Runtime execption when using DataParallel on Nvidia A100, Pytoch 1.12

Hi,

I get this error when trying to use 2 GPUs - A100s

File “/usr/scratch4/samo4615/miniconda3/envs/torchcon38/lib/python3.8/site-packages/torch/nn/parallel/data_parallel.py”, line 168, in forward
outputs = self.parallel_apply(replicas, inputs, kwargs)
File “/usr/scratch4/samo4615/miniconda3/envs/torchcon38/lib/python3.8/site-packages/torch/nn/parallel/data_parallel.py”, line 178, in parallel_apply
return parallel_apply(replicas, inputs, kwargs, self.device_ids[:len(replicas)])
File “/usr/scratch4/samo4615/miniconda3/envs/torchcon38/lib/python3.8/site-packages/torch/nn/parallel/parallel_apply.py”, line 86, in parallel_apply
output.reraise()
File “/usr/scratch4/samo4615/miniconda3/envs/torchcon38/lib/python3.8/site-packages/torch/_utils.py”, line 461, in reraise
raise exception
RuntimeError: Caught RuntimeError in replica 1 on device 2.
Original Traceback (most recent call last):
File “/usr/scratch4/samo4615/miniconda3/envs/torchcon38/lib/python3.8/site-packages/torch/nn/parallel/parallel_apply.py”, line 61, in _worker
output = module(*input, **kwargs)
File “/usr/scratch4/samo4615/miniconda3/envs/torchcon38/lib/python3.8/site-packages/torch/nn/modules/module.py”, line 1130, in _call_impl
return forward_call(*input, **kwargs)
File “/usr/scratch4/samo4615/Documents/codeworks/lidar_mtl/kitti_3d_det/model_custom.py”, line 657, in forward
x_rot = self.bn2_rot(self.a2_rot(self.c2_rot(x_rot)))
File “/usr/scratch4/samo4615/miniconda3/envs/torchcon38/lib/python3.8/site-packages/torch/nn/modules/module.py”, line 1130, in _call_impl
return forward_call(*input, **kwargs)
File “/usr/scratch4/samo4615/miniconda3/envs/torchcon38/lib/python3.8/site-packages/torch/nn/modules/conv.py”, line 457, in forward
return self._conv_forward(input, self.weight, self.bias)
File “/usr/scratch4/samo4615/miniconda3/envs/torchcon38/lib/python3.8/site-packages/torch/nn/modules/conv.py”, line 453, in _conv_forward
return F.conv2d(input, weight, bias, self.stride,
RuntimeError: cuDNN error: CUDNN_STATUS_EXECUTION_FAILED
You can try to repro this exception using the following code snippet.

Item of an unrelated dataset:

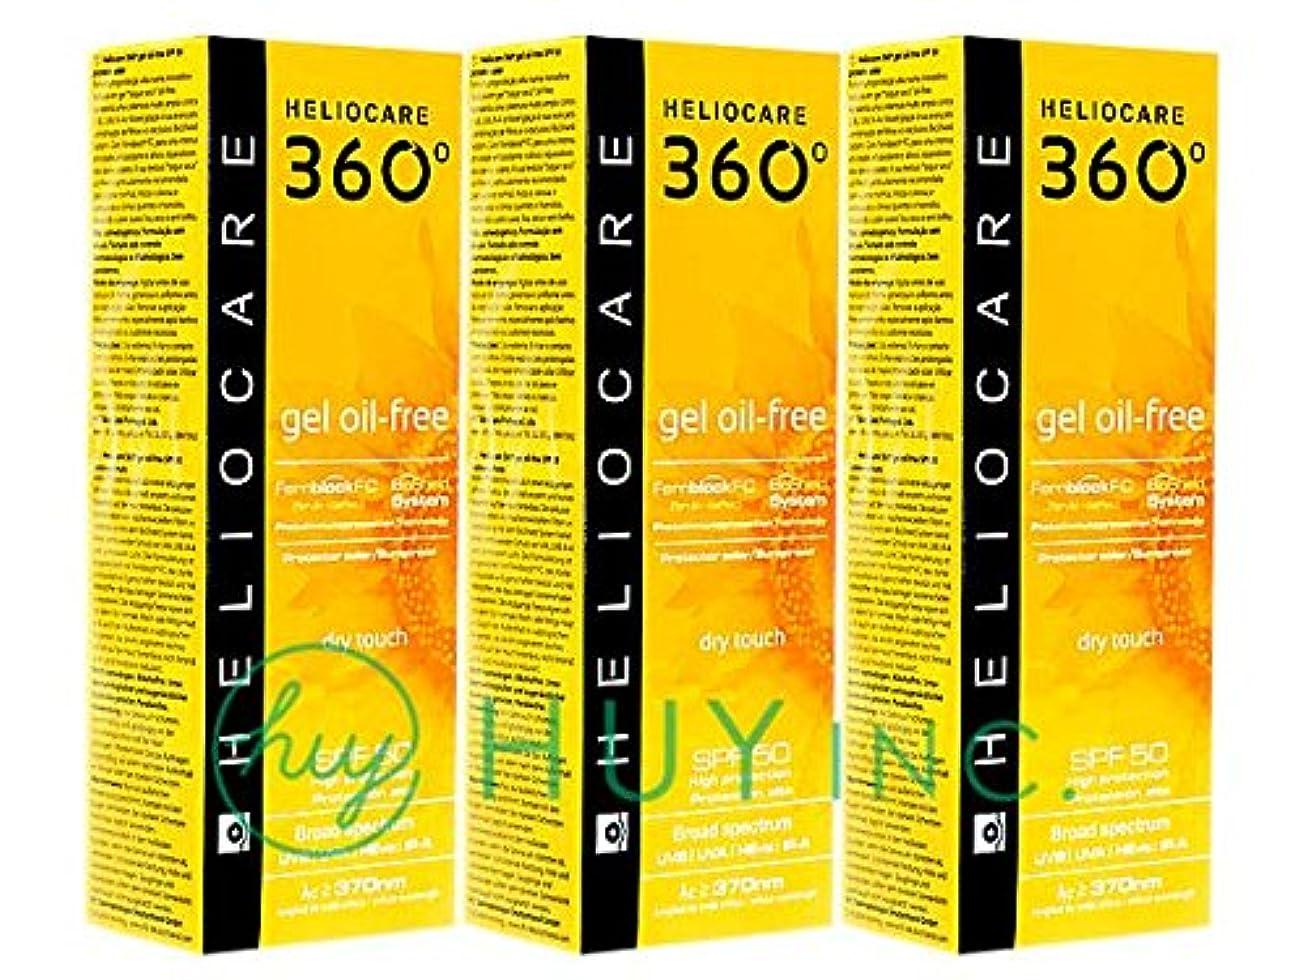 敬花束考古学ヘリオケア 360°ジェルオイルフリー(Heliocare360GelOil-Free)SPF50 3ボトル(50ml×3) [並行輸入品]
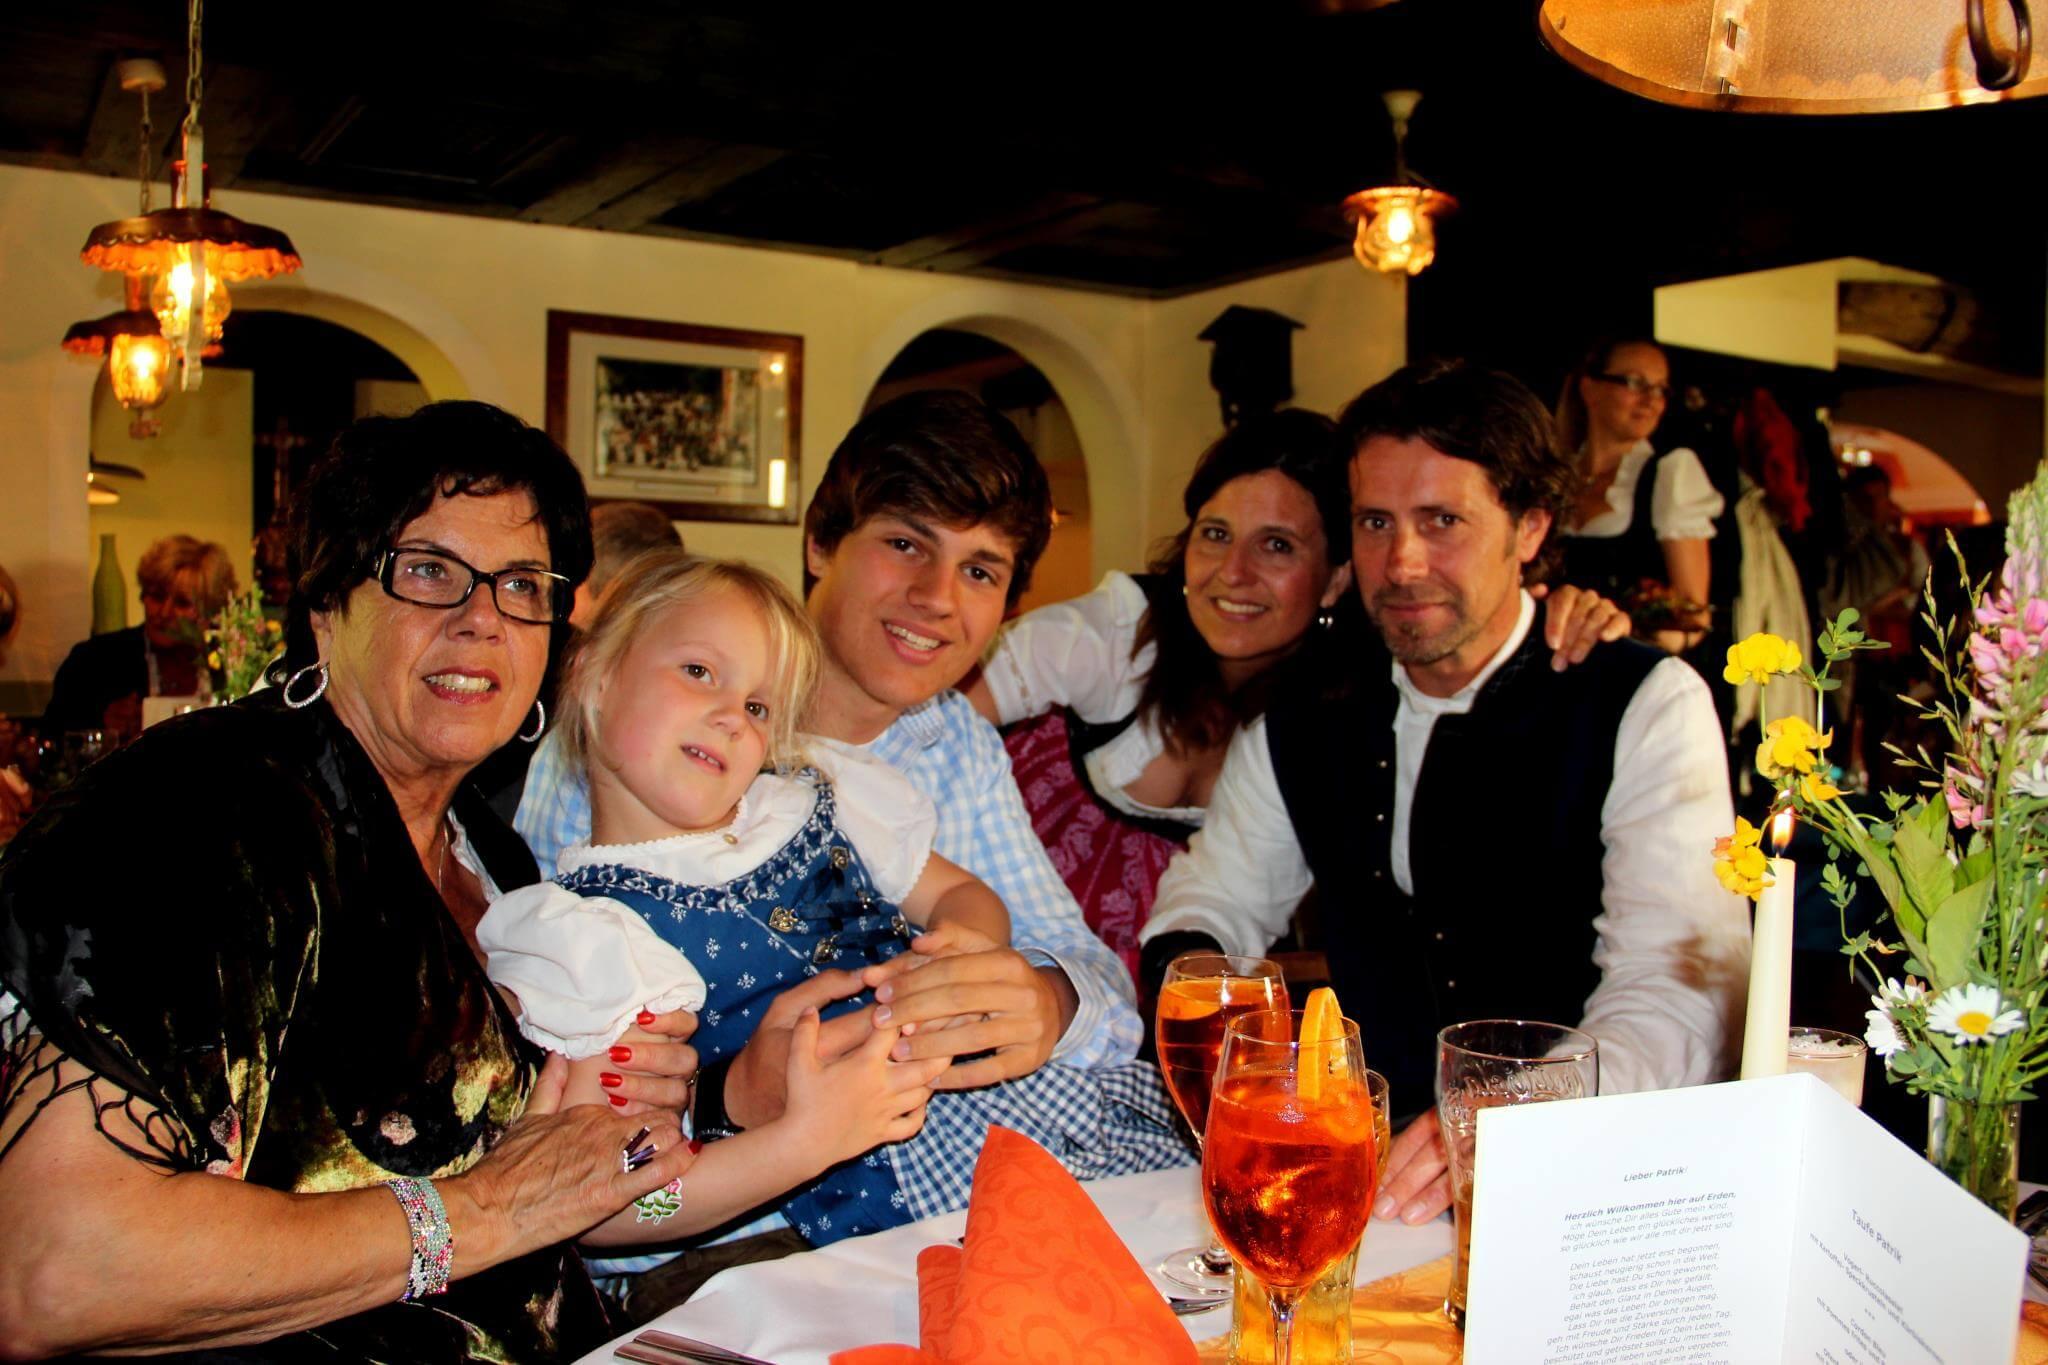 Familie Jäger Wenter Hotel Laudersbach

If that doesn’t trigger the error, please include your original repro script when reporting this issue.

import torch
torch.backends.cuda.matmul.allow_tf32 = False
torch.backends.cudnn.benchmark = False
torch.backends.cudnn.deterministic = False
torch.backends.cudnn.allow_tf32 = True
data = torch.randn([4, 64, 576, 384], dtype=torch.float, device=‘cuda’, requires_grad=True).to(memory_format=torch.channels_last)
net = torch.nn.Conv2d(64, 64, kernel_size=[3, 3], padding=[2, 2], stride=[1, 1], dilation=[2, 2], groups=1)
net = net.cuda().float().to(memory_format=torch.channels_last)
out = net(data)
out.backward(torch.randn_like(out))
torch.cuda.synchronize()

ConvolutionParams
memory_format = ChannelsLast
data_type = CUDNN_DATA_FLOAT
padding = [2, 2, 0]
stride = [1, 1, 0]
dilation = [2, 2, 0]
groups = 1
deterministic = false
allow_tf32 = true
input: TensorDescriptor 0x7f10015e9880
type = CUDNN_DATA_FLOAT
nbDims = 4
dimA = 4, 64, 576, 384,
strideA = 14155776, 1, 24576, 64,
output: TensorDescriptor 0x7f10015eb3d0
type = CUDNN_DATA_FLOAT
nbDims = 4
dimA = 4, 64, 576, 384,
strideA = 14155776, 1, 24576, 64,
weight: FilterDescriptor 0x7f100165a1f0
type = CUDNN_DATA_FLOAT
tensor_format = CUDNN_TENSOR_NHWC
nbDims = 4
dimA = 64, 64, 3, 3,
Pointer addresses:
input: 0x7f0e29800000
output: 0x7f0dd5800000
weight: 0x7f14efa1a600
Forward algorithm: 1

The model runs fine on 1 GPU.

Please help.
Input shape - 16x3x576x320

Could you check if you are running out of memory and if this issue is still reproducible in the latest PyTorch release?
I cannot reproduce the cuDNN error using the posted code snippet on an A100.